Director of the Federal Office of Culture
- In office 1 November 2013 – 2021
- Preceded by: Jean-Frédéric Jauslin

State Councillor of the Canton of Fribourg
- In office 2002 – 31 October 2013

Personal details
- Born: March 28, 1965 (age 61) Morges, Switzerland
- Party: The Centre
- Education: University of Fribourg (Lic. iur.)
- Occupation: Politician, Lawyer

= Isabelle Chassot =

Swiss politician (born 1965)

Isabelle Chassot (born 28 March 1965 in Morges; registered as a resident of Siviriez) is a Swiss politician (The Centre, formerly CVP) and a member of the Council of States since 2021. She was Director of the Federal Office of Culture (FOC) from 2013 to 2021 and State Councillor of the Canton of Fribourg from 2002 to 2013.

== Biography ==
Isabelle Chassot is the daughter of an Austrian mother and a Swiss father. She grew up in Granges-Paccot and graduated from the Kollegium Heilig Kreuz in Freiburg with a Type A high school diploma in 1984. She then studied law bilingually at the University of Fribourg and was admitted to the bar in 1988. She practiced as a lawyer from 1992 to 1995.

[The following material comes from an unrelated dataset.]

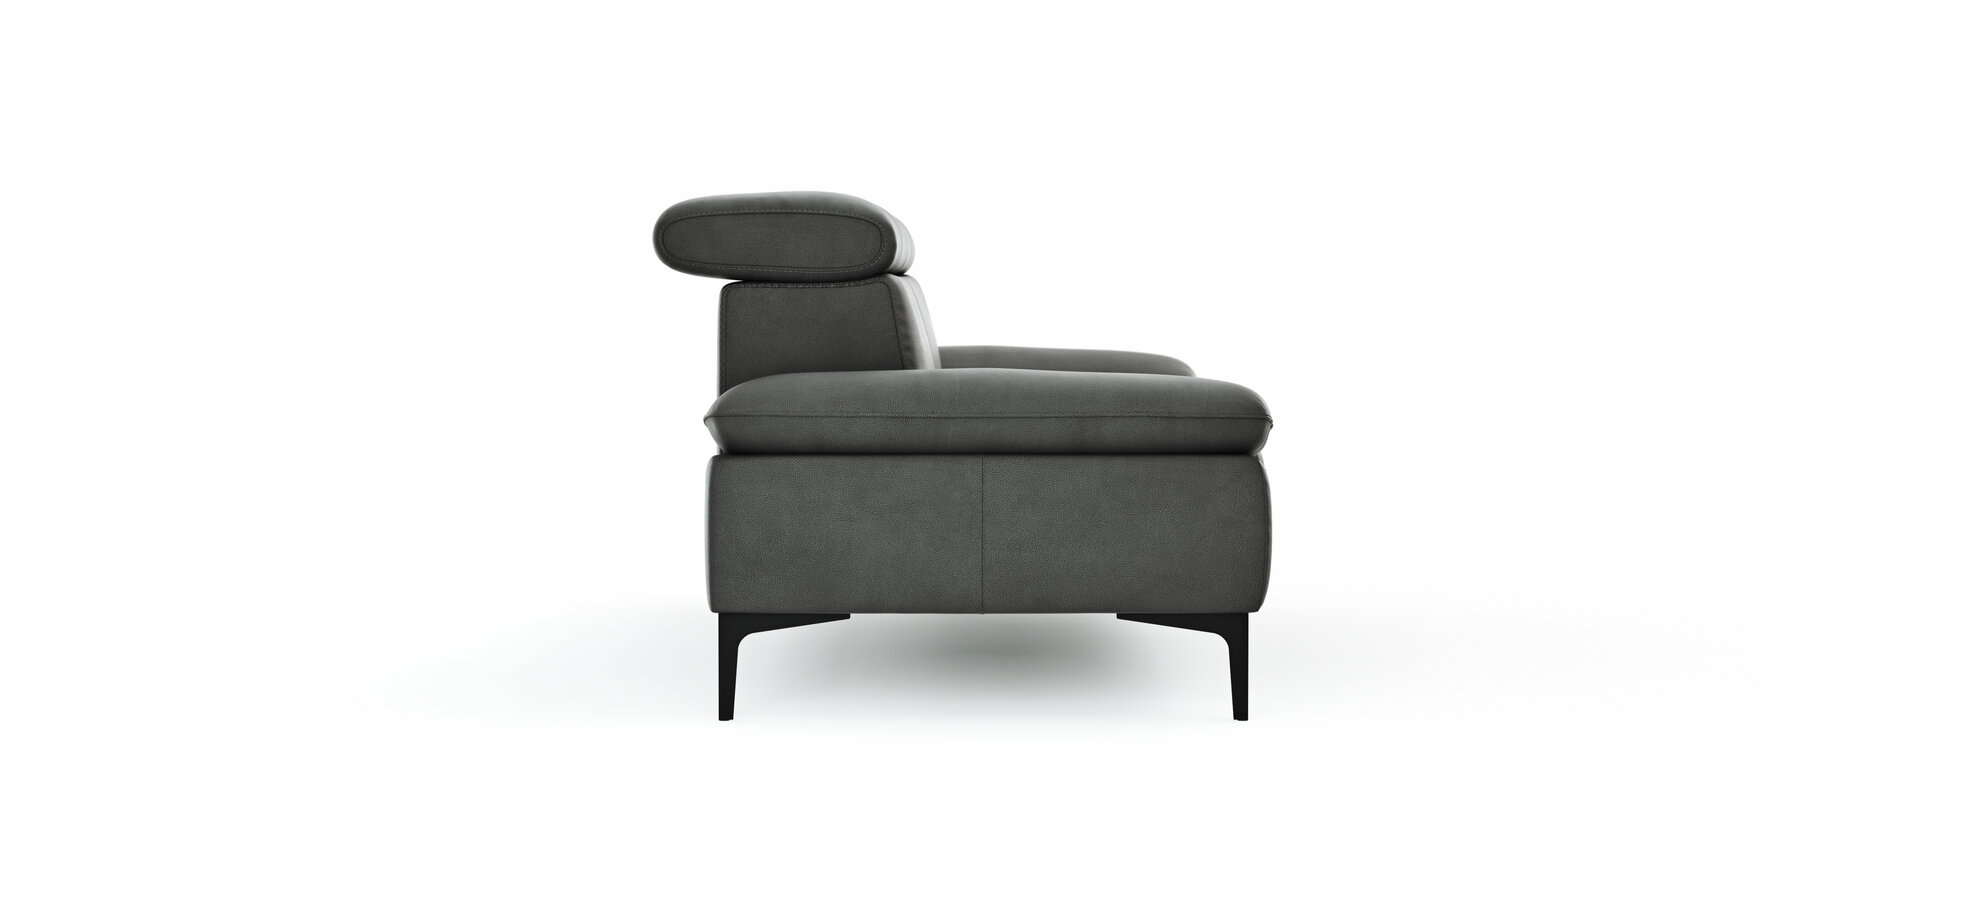 Sofa Felipa – 3-Sitzer inkl. Kopfteil verstellbar, Leder, Grau

From 1992 to 2001, she was a member of the Grand Council of the Canton of Fribourg. During the same period, she was a personal assistant to Federal Councilors Arnold Koller and Ruth Metzler-Arnold. In 2001, she was elected to the State Council. She headed the Directorate of Education, Culture and Sport (EKSD). In the 2006 elections, she was re-elected with the best result (59 percent). In 2007, she was President of the State Council. From 2006 to 2013, Chassot was President of the Swiss Conference of Cantonal Ministers of Education.

In May 2013, she was appointed by the Federal Council as the new Director of the Federal Office of Culture (FOC) effective 1 November 2013, succeeding Jean-Frédéric Jauslin. As a result, she resigned from the State Council of the Canton of Fribourg at the end of October 2013. She remained Director of the FOC until 2021.

In 2021, she was elected to the Council of States for the Canton of Fribourg, succeeding Christian Levrat (SP). As of April 2024, she is a member of the Foreign Policy Committee, the Science, Education and Culture Committee, the Legal Affairs Committee, and the Delegation to the Inter-Parliamentary Union.

She was re-elected in the second round of the 2023 Swiss federal election.

In 2023, she was elected by the offices of both councils as president of the parliamentary inquiry commission "Management of the authorities – CS emergency merger".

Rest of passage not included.